The link you provided seems to provide a rather old Tensorflow 1.5 wheel file. Do you happen to know if there’s a 1.8 wheel file that doesn’t cause this lag? Or, how was that 1.5 wheel file built? I don’t mind building it myself :) Thanks!

Hello!! @dr3dd,

I am not sure how they have built the wheel file, I would suggest you to build your own tensorflow wheel file using bazel build, try to look over their website under the section installing from sources.

Hi all, just an update on the topic. I compiled the wheel myself (for Tensorflow 1.8) without TensorRT support (as I was not really using it) and with GDR and VERBS support and I got rid of the delay. You can grab it from here.

All .whl files that I’ve found accross the Internet had TensorRT support enabled.
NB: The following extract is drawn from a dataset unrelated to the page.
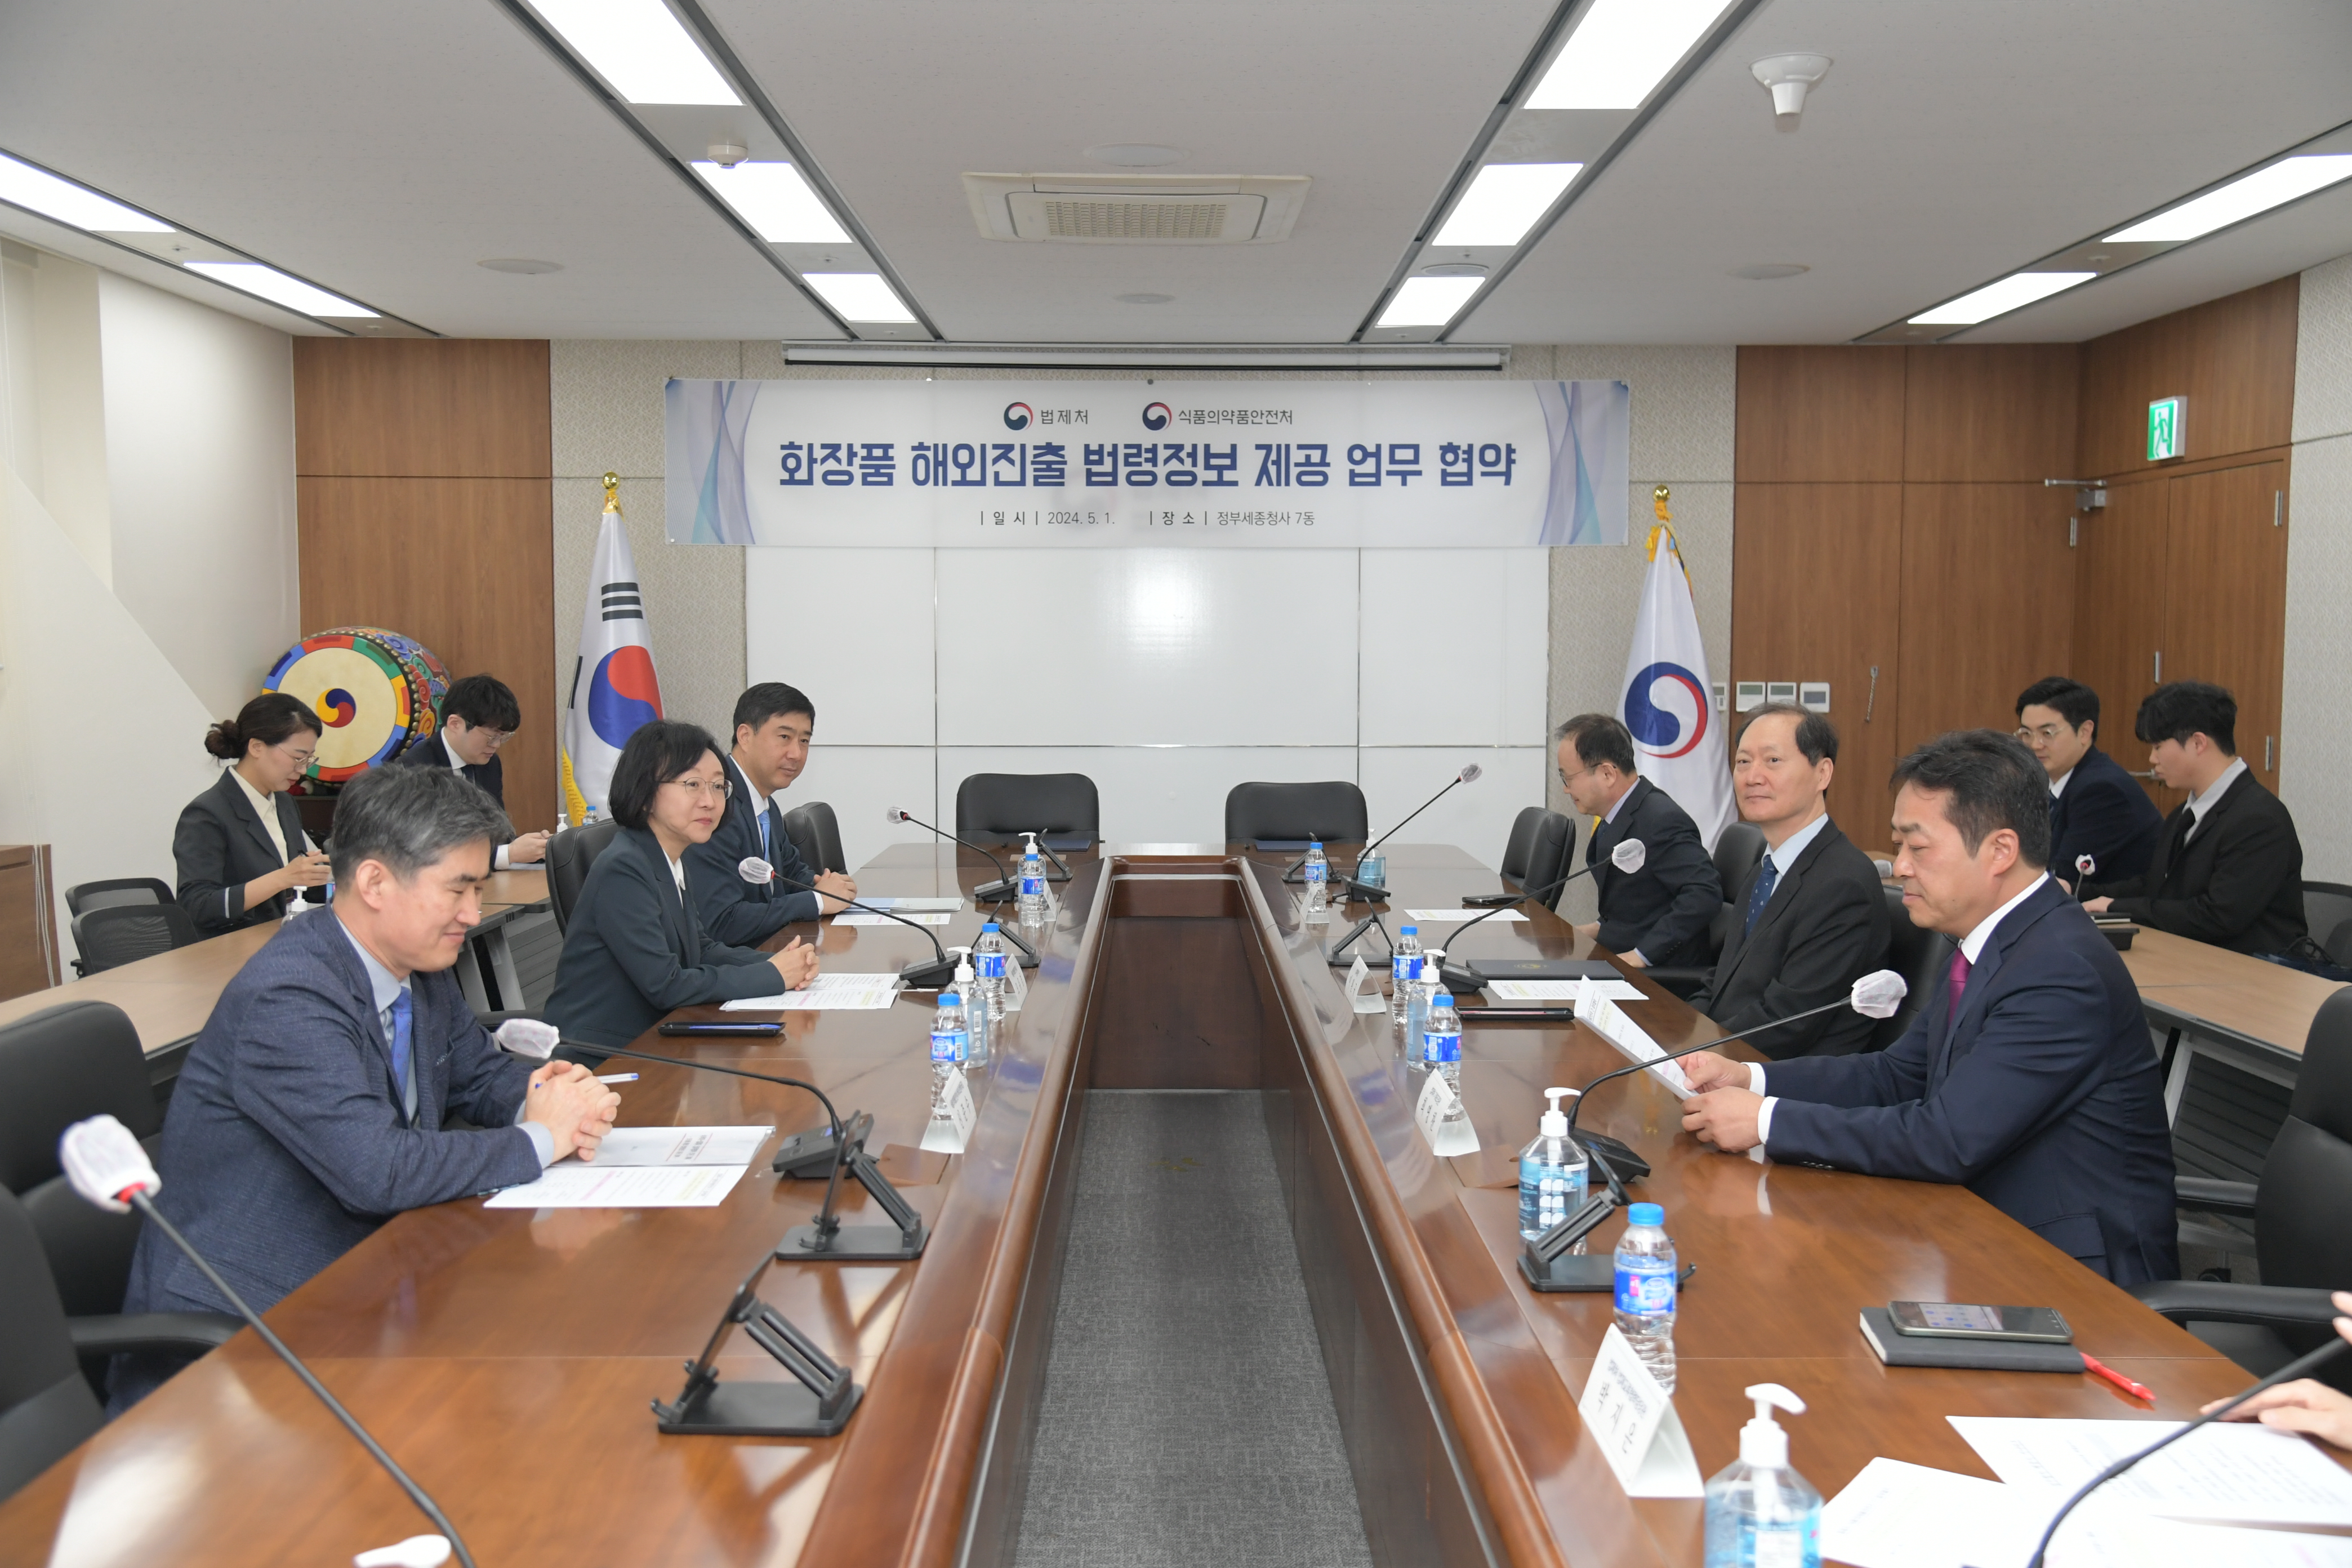 Photo News1 - Ministry of Food and Drug Safety and Ministry of Government Legislation, signing ceremony for ‘Agreement to provide legal information for overseas expansion of cosmetics’

Might this be the key difference and the cause of the delay? Would that make sense?

Thanks for your kind update @dr3dd. I would like to know one thing regd this whl file. What is the advantage of building Tensorflow with TensorRT support?.

@saikishor, I’m not a deep learning expert but using TensorRT for inference generates some optimizations for Nvidia GPUs. See this for more information.

@dr3dd. Thanks for the info and the link. I am looking for such information.